Collegiate travel has many factors to consider |

Excerpted from “Greg Hansen: ‘Mr. Football'” in the Montrose Press

A: From 1920 to 1964, Arizona took the train to football games in El Paso. Then the Wildcats flew to UTEP until the regular home-and-home series ended in 1977. This time, the Wildcats took a bus. (They’ll fly home in the wee hours Saturday morning.)

You may think it’s a cost containment issue, but there is no dedicated cost containment in college football. Not in the Power 5 conferences, or at Arizona, a school that has five full-time “analysts” on Rich Rodriguez’s staff.

 It’s more difficult than ever to book charter jets in both the college and NFL. ProFootballTalk recently reported that six NFL teams had their charter jet arrangements canceled in the last year, and 20 were scrambling to find available aircraft. To combat the lack of available charters, the New England Patriots bought two jumbo jets.

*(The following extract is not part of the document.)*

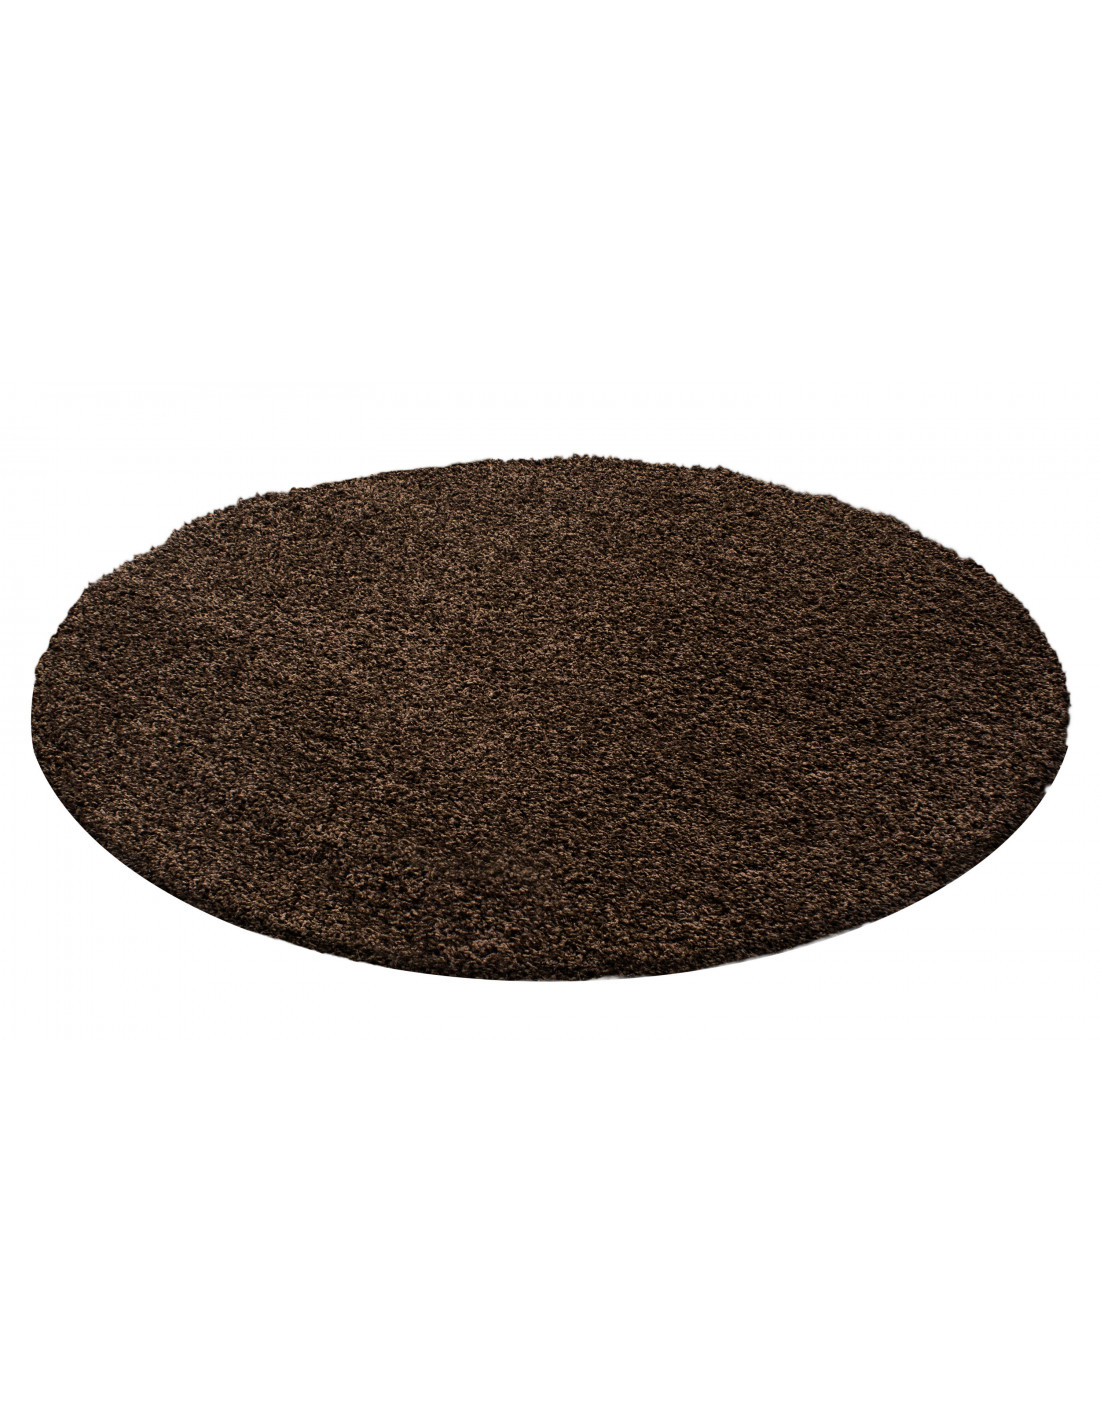 Shaggy matta, lugghöjd 3 cm, enfärgad brun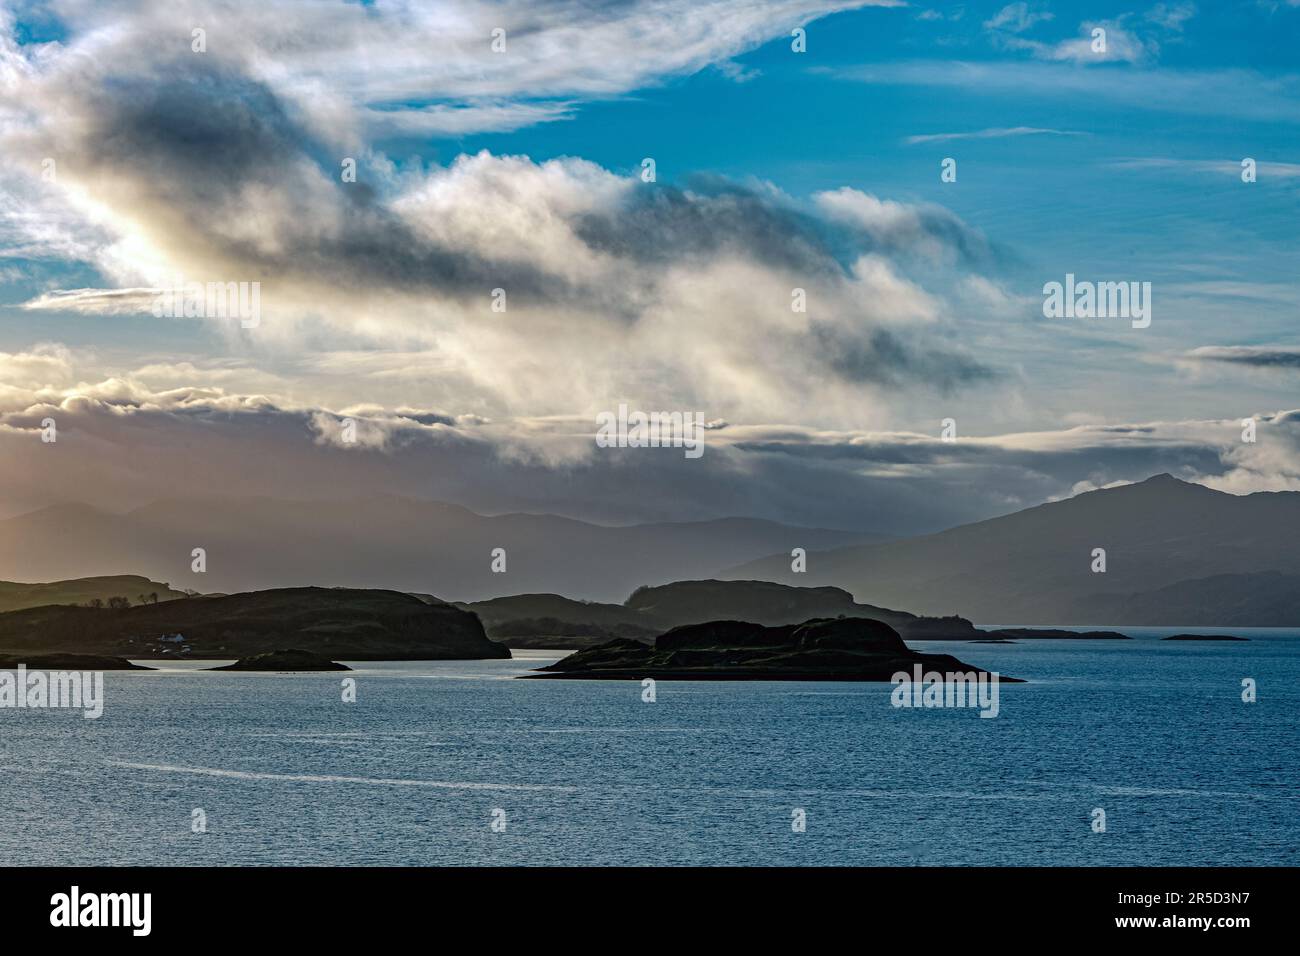 Magnifique paysage mystique paysage de lac en Écosse avec ciel nuageux et rayons de soleil nature nuages aventure à couper le souffle clair hebrides Banque D'Images

It can cost as much as $300,000 to charter a jet for a long football trip, and probably close to $175,000 to go to and from El Paso. The Wildcats stopped in the middle of nowhere — Lordsburg, New Mexico — for lunch Thursday. If you’ve ever stopped in Lordsburg, you know there is no place that can hustle up lunch for a traveling party of close to 150 people.

So the UA hired a Tucson firm, Sutter’s Catering, to meet them in Lordsburg for lunch.

The UA doesn’t spend money excessively on sports travel; last week, Arizona’s nationally ranked women’s golf team drove to a tournament in Albuquerque, as will the UA men’s golf team for an invitational in Albuquerque next week. Last April, Mike Candrea’s softball team took a bus to Las Cruces — 46 miles from El Paso — rather than fly.

Besides, by the time a football team goes to the airport, clears security, loads the plane and flies to El Paso, it would take about three or four hours. In that time, a bus from Tucson is almost to the Rio Grande.